Retrieval-augmented generation (RAG)¶

aimu.rag provides the primitives to ground a model's answers in your own documents: chunk text, store it, retrieve the relevant pieces for a query, and fold them into the prompt. They are plain functions over the MemoryStore interface. There is no retriever/splitter/loader class hierarchy to learn.

The flow¶

import aimu
from aimu.memory import SemanticMemoryStore
from aimu.rag import ingest, retrieve, format_context

# 1. Chunk documents into a store (any MemoryStore works)
store = SemanticMemoryStore(embedding_client=aimu.embedding_client("openai:text-embedding-3-small"))
ingest(store, my_documents, chunk_size=800, chunk_overlap=100)

# 2. Retrieve the chunks relevant to a question
question = "What is AIMU's design philosophy?"
chunks = retrieve(store, question, n_results=5)

# 3. Augment the prompt and answer
context = format_context(chunks)
answer = aimu.chat(f"Context:\n{context}\n\nQuestion: {question}")

ingest → retrieve → format_context → chat is just a workflow you compose; RAG is not a separate object type.

Splitting text¶

split_text chops a long string into overlapping chunks, breaking on the largest separator that keeps each chunk under chunk_size (paragraphs → lines → sentences → words → characters).

from aimu.rag import split_text

chunks = split_text(long_text, chunk_size=1000, chunk_overlap=200)

chunk_size / chunk_overlap: overlap repeats the tail of one chunk at the head of the next so context isn't lost at boundaries. chunk_overlap must be smaller than chunk_size.
separators: override the hierarchy, e.g. ["\n## ", "\n", " ", ""] for Markdown.
length_function: defaults to len (characters).

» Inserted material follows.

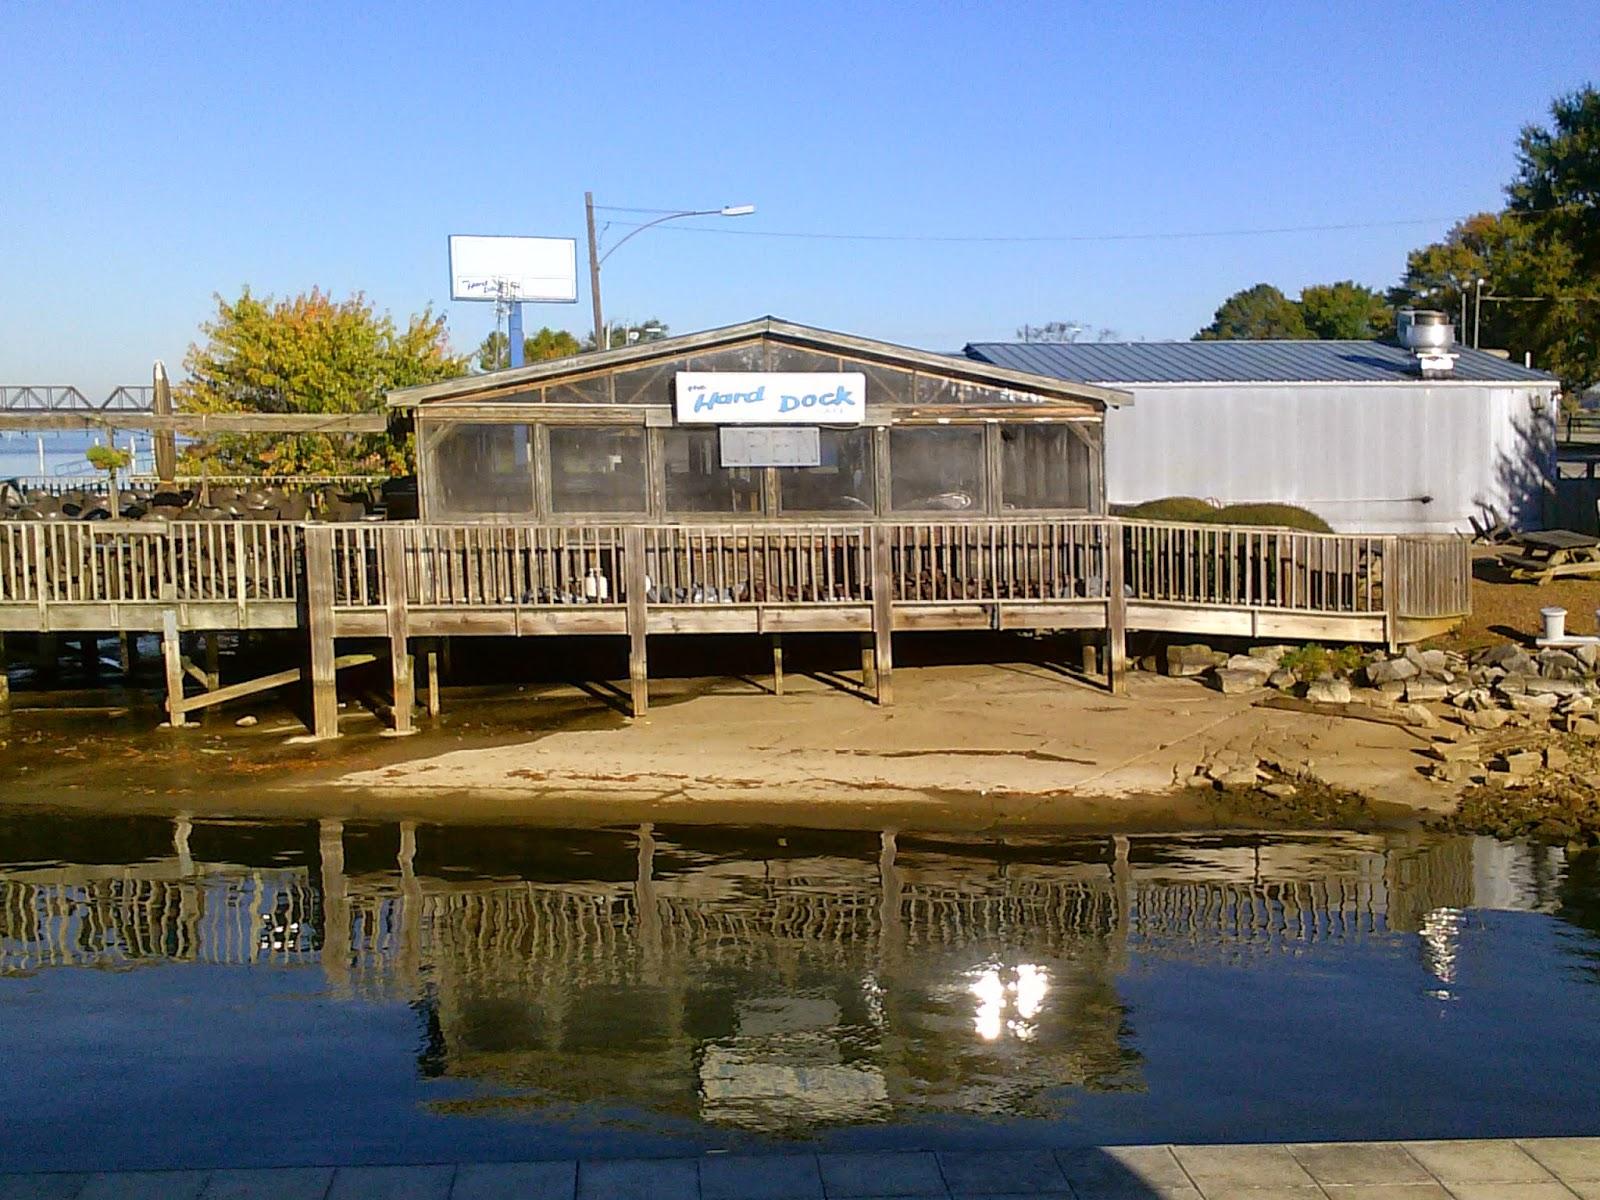 Hard Dock Cafe Decatur
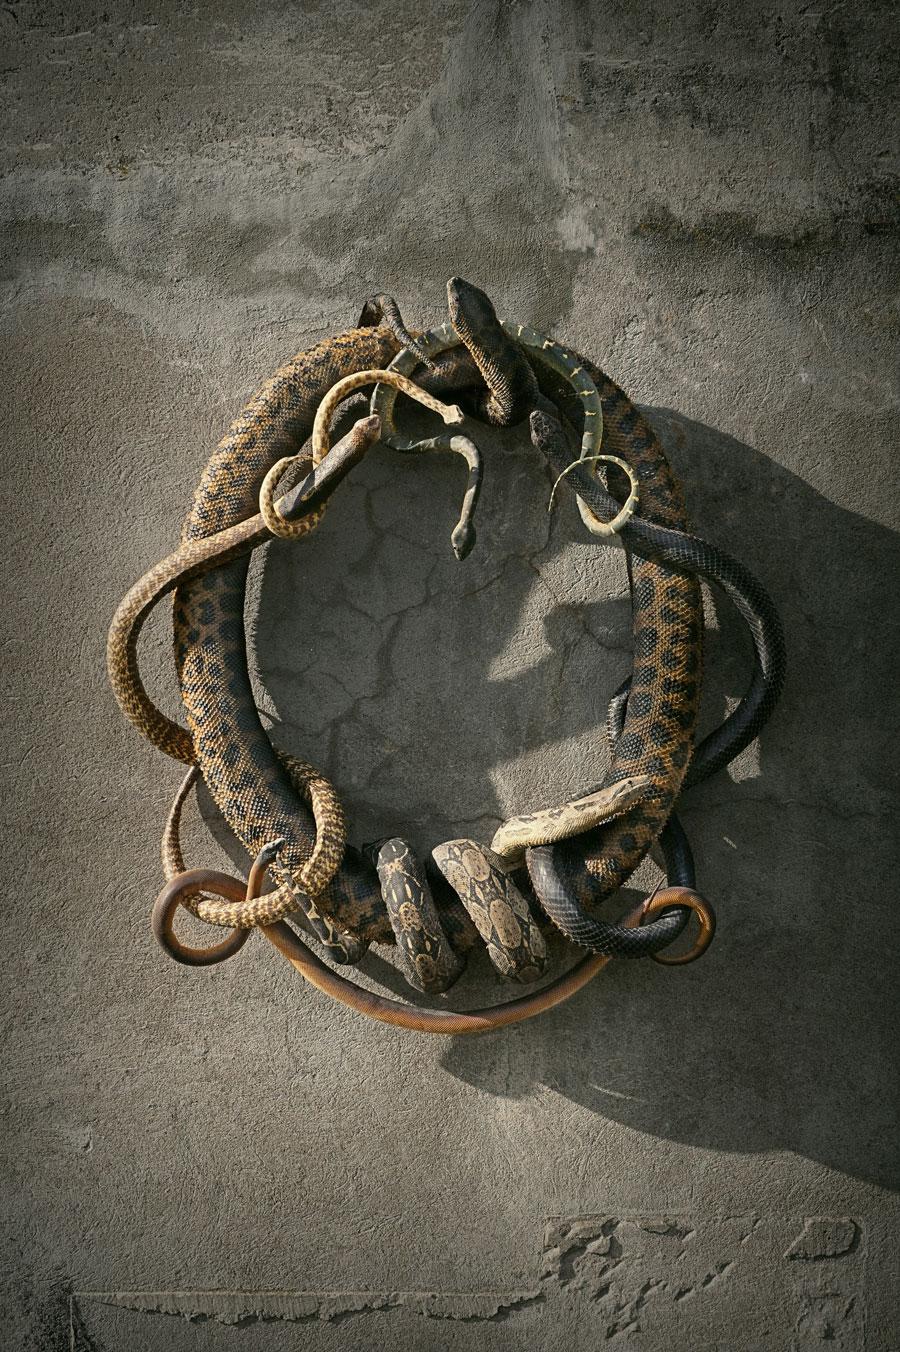 Snakes-LR.jpg

Pass a tokenizer's counter for token-aware chunking:

import tiktoken
enc = tiktoken.get_encoding("cl100k_base")
chunks = split_text(text, chunk_size=256, chunk_overlap=32,
                    length_function=lambda s: len(enc.encode(s)))

ingest forwards all of these, so ingest(store, docs, chunk_size=..., length_function=...) chunks the same way.

Retrieving¶

retrieve is a RAG-named pass-through to store.search(), returning the matching chunk strings. Extra keyword arguments flow through to the store:

chunks = retrieve(store, query, n_results=5)
chunks = retrieve(store, query, n_results=5, max_distance=0.5)  # SemanticMemoryStore cutoff

Reranking (optional)¶

A vector search is fast but coarse. Fetch a wide candidate set, then rerank it with a cross-encoder to keep the best few. Requires the [hf] extra (sentence-transformers).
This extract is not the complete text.